Now take $Q_1$ and multiply $(Q_1^* A)$ on the right to obtain $Q_1^* A Q_1$. This will leave the first column of $Q_1^* A$ unchanged! So we will not ruin our work (on introducing zeros).
This idea is repeated to introduce zeros into subsequent columns. For example, the second Householder reflector, $Q_2$, leaves the first and second rows and columns unchanged.
After repeating this process $m-2$ times, we have a product in Hessenberg form as desided.

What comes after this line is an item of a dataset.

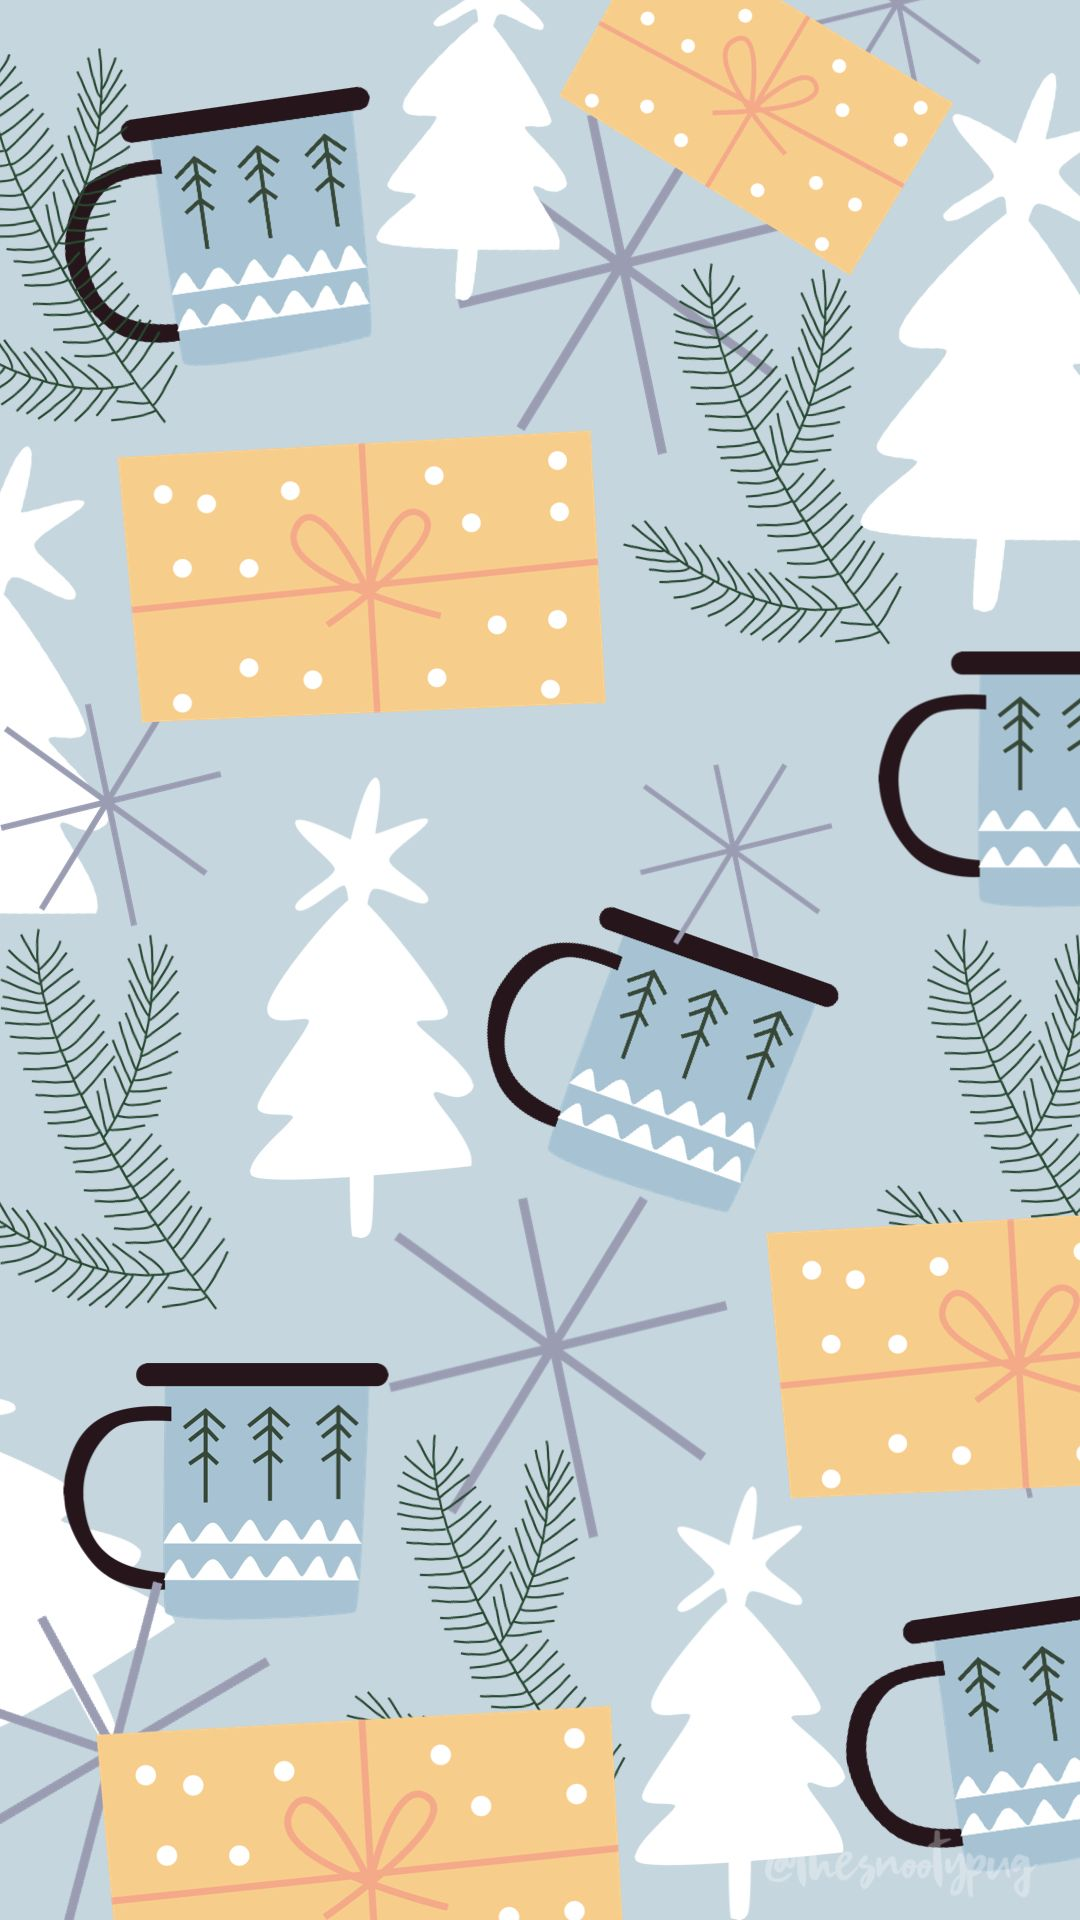 Modern Trendy Christmas Wallpaper Xmas Wallpaper Wallpaper Iphone Christmas Christmas Wallpaper

$$ \underbrace{Q_{m-2}^* \cdots Q_2^* Q_1^*}_{Q^*} A \underbrace{Q_1 Q_2 \cdots Q_{m-2}}_Q=H . $$
Algorithm 26.1 Householder Reduction to Hessenberg Form¶
- for $k=1$ to $m-2$
- $x=A_{k+1: m, k}$
- $v_k=\operatorname{sign}\left(x_1\right)\|x\|_2 e_1+x$
- $v_k=v_k /\left\|v_k\right\|_2$
- $A_{k+1: m, k: m}=A_{k+1: m, k: m}-2 v_k\left(v_k^* A_{k+1: m, k: m}\right)$
- $A_{1: m, k+1: m}=A_{1: m, k+1: m}-2\left(A_{1: m, k+1: m} v_k\right) v_k^*$
Operation Count¶
$$ \text { Work for Hessenberg reduction: } \quad \sim \frac{10}{3} m^3 \text { flops. } $$
Note that $A= Q H Q$ is almost a Schur factorization! One just needs to transform the subdiagonal to $0$. Recall the example output:
H
6×6 UpperHessenberg{Float64, Matrix{Float64}}: 14.0 -16.179 -8.56849 -13.9849 9.78923 -4.62762 -22.8692 42.3939 32.2153 -2.97531 -12.8806 -3.95445 ⋅ 23.3027 17.3303 2.51689 -11.8056 -0.682365 ⋅ ⋅ -14.1685 4.40003 1.00031 0.82663 ⋅ ⋅ ⋅ -6.97764 3.60084 -2.71927 ⋅ ⋅ ⋅ ⋅ 11.8614 8.27492
The Hermitian Case: Reduction to Tridiagonal From¶
If $A$ is hermitian, the algorithm just described will reduce $A$ to tridiagonal form (at least, in the absence of rounding errors). This is easy to see: since $A$ is hermitian, $Q^* A Q$ is also hermitian, and any hermitian Hessenberg matrix is tridiagonal.
$$ \text { Work for tridiagonal reduction: } \quad \sim \frac{4}{3} m^3 \text { flops. } $$
# Symmetrize A and obtain B
B = A+A'
6×6 Matrix{Int64}: 28 3 22 32 13 15 3 22 8 20 32 19 22 8 26 13 19 20 32 20 13 38 34 19 13 32 19 34 36 37 15 19 20 19 37 30
# H for B is also Hermitian, therefore tridiagonal (banded matrix).
hessenberg(B)
Hessenberg{Float64, UpperHessenberg{Float64, Matrix{Float64}}, Matrix{Float64}, Vector{Float64}, Bool} Q factor: 6×6 LinearAlgebra.HessenbergQ{Float64, Matrix{Float64}, Vector{Float64}, false} H factor: 6×6 UpperHessenberg{Float64, Matrix{Float64}}: 28.0 -43.715 4.18911e-15 -1.92664e-15 5.40675e-16 -4.4296e-15 -43.715 92.6007 -50.2489 -1.7034e-14 -6.1369e-15 -2.55385e-15 ⋅ -50.2489 43.1229 -6.92658 5.22226e-16 3.66116e-15 ⋅ ⋅ -6.92658 -5.80194 6.96338 4.35548e-15 ⋅ ⋅ ⋅ 6.96338 13.778 8.95241 ⋅ ⋅ ⋅ ⋅ 8.95241 8.30033
Stability¶
Theorem:¶
Let the Hessenberg reduction $A=Q H Q^*$ of a matrix $A \in$ $\mathbb{C}^{m \times m}$ be computed by Algorithm 26.1 on a computer satisfying the axioms A and B (from Lecture 13), and let $\tilde{Q}$ and $\tilde{H}$ the computed factors (again taking $\tilde{Q}$ to be exactly unitary - see Lecture 16). Then we have
$$ \tilde{Q} \tilde{H} \tilde{Q}^*=A+\delta A, \quad \frac{\|\delta A\|}{\|A\|}=O\left(\epsilon_{\text {M}}\right) $$
for some $\delta A \in \mathbb{C}^{m \times m}$.